What does a long game do to teams? April 13, 2015
Posted by tomflesher in Baseball.Tags: extra innings, file drawer, linear model, linear regression, Red Sox, Yankees
add a comment
Friday, the Red Sox took a 19-inning contest from the Yankees. Both teams have the unfortunate circumstance of finishing a game around 2:15 A.M. and having to be back on the field at 1:05 PM. Everyone, including the announcers, discussed how tired the teams would be; in particular, first baseman Mark Teixeira spent a long night on the bag to keep backup first baseman and apparent emergency pitcher Garrett Jones fresh, leading Alex Rodriguez to make his first career appearance at first base on Saturday.
Teixeira wasn’t the only player to sit out the next day – center fielders Jacoby Ellsbury and Mookie Betts, catchers Brian McCann and Sandy Leon, and most of the bullpen all sat out, among others. The Yankees called up pitcher Matt Tracy for a cup of coffee and sent Chasen Shreve down, then swapped Tracy back down to Scranton for Kyle Davies.
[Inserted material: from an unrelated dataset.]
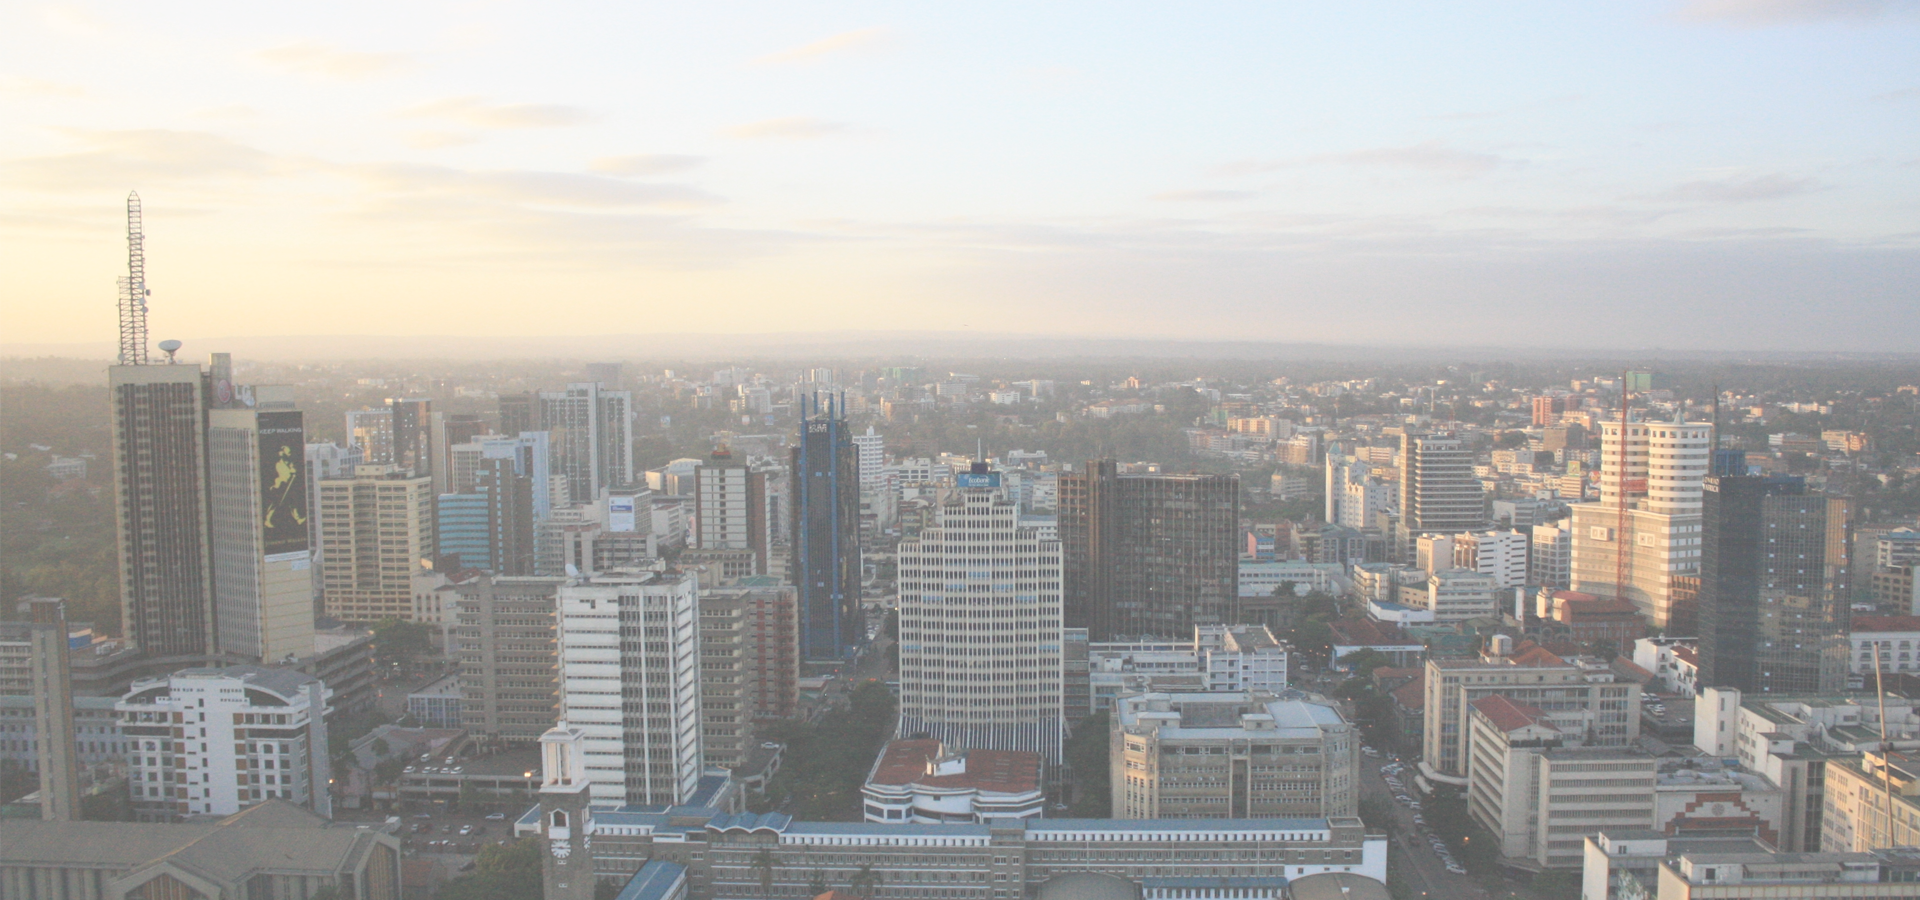 Peer-to-peer advisory in Mombasa, Coast Province, Kenya

Boston activated starter Joe Kelly from the disabled list, sending winning pitcher Steven Wright down to make room. Shreve and Wright each had solid outings, with Wright pitching five innings with 2 runs and Shreve pitching 3 1/3 scoreless.
All those moves provide some explanation for a surprising result. Interested in what the effect of these long games are, I dug up all of the games from 2014 that lasted 14 innings or more. In a quick and dirty data set, I traced the scores for each team in their next games along with the number of outs pitched and the length in minutes of the game.
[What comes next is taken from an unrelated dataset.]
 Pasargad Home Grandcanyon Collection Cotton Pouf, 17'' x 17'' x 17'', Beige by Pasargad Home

I fitted two linear models and two log models: two each with the next game’s runs as the dependent variable and two each with the difference in runs (next game’s runs – long game’s runs) as the dependent variable. Each used the length of the game in minutes, the number of outs, the average runs scored by the team during 2014, and an indicator variable for the presence of a designated hitter in each game. For each dependent variable, I modeled all variables in a linear form once and the natural log of outs and the natural log of the length of the game once.
With runs scored as the dependent variable, nothing was significant. That is, no variable correlated strongly with an increase or decrease in the number of runs scored.
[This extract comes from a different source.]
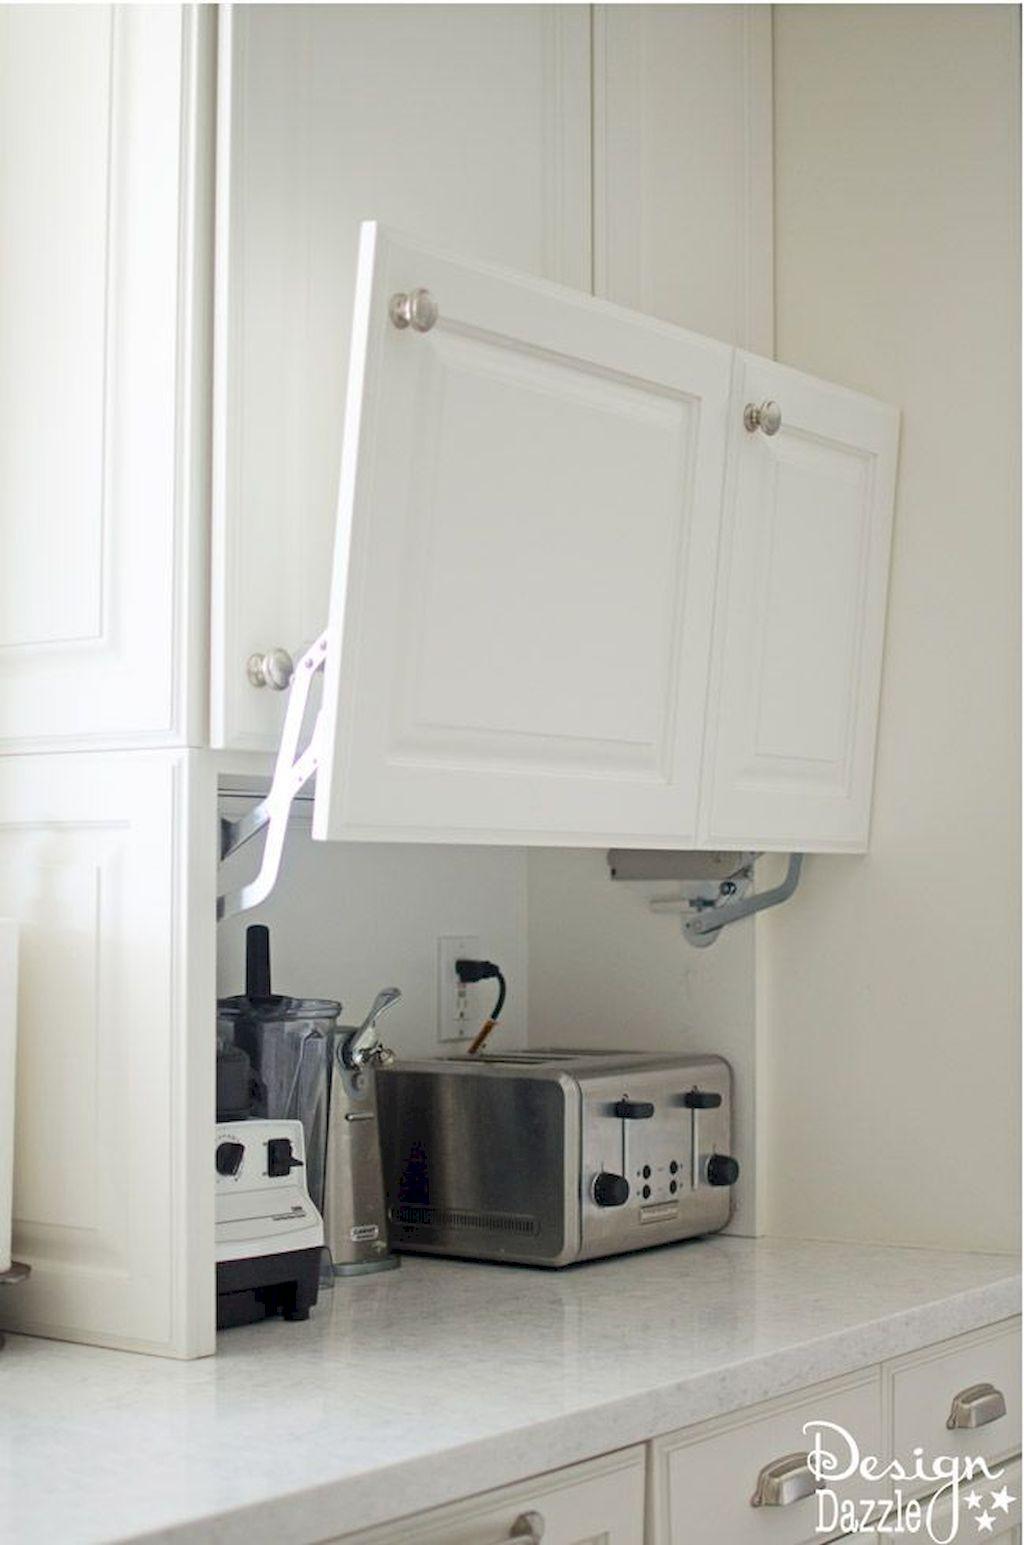 clean rustic kitchen decor ideas kitchens kitchen decor and house

With a run difference model, the length of the game in minutes became marginally significant. For the linear model, extending the length of the game by one minute lowers the difference in runs by about .043 runs – that is, normalizing for the number of runs scored the previous day, extending the game by one minute lowered the runs the next day by about .043. In the semilog model, extending the game by about 1% lowered the run difference by about 14; this was offset by an extremely high intercept term. This is a very high semielasticity, and both coefficients had p-values between .01 and .015. Nothing else was even close.
With all of the usual caveats about statistical analysis, this shows that teams are actually pretty good at bouncing back from long games, either due to the fact that most of the time they’re playing the same team (so teams are equally fatigued) or due to smart roster moves. Either way, it’s a surprise.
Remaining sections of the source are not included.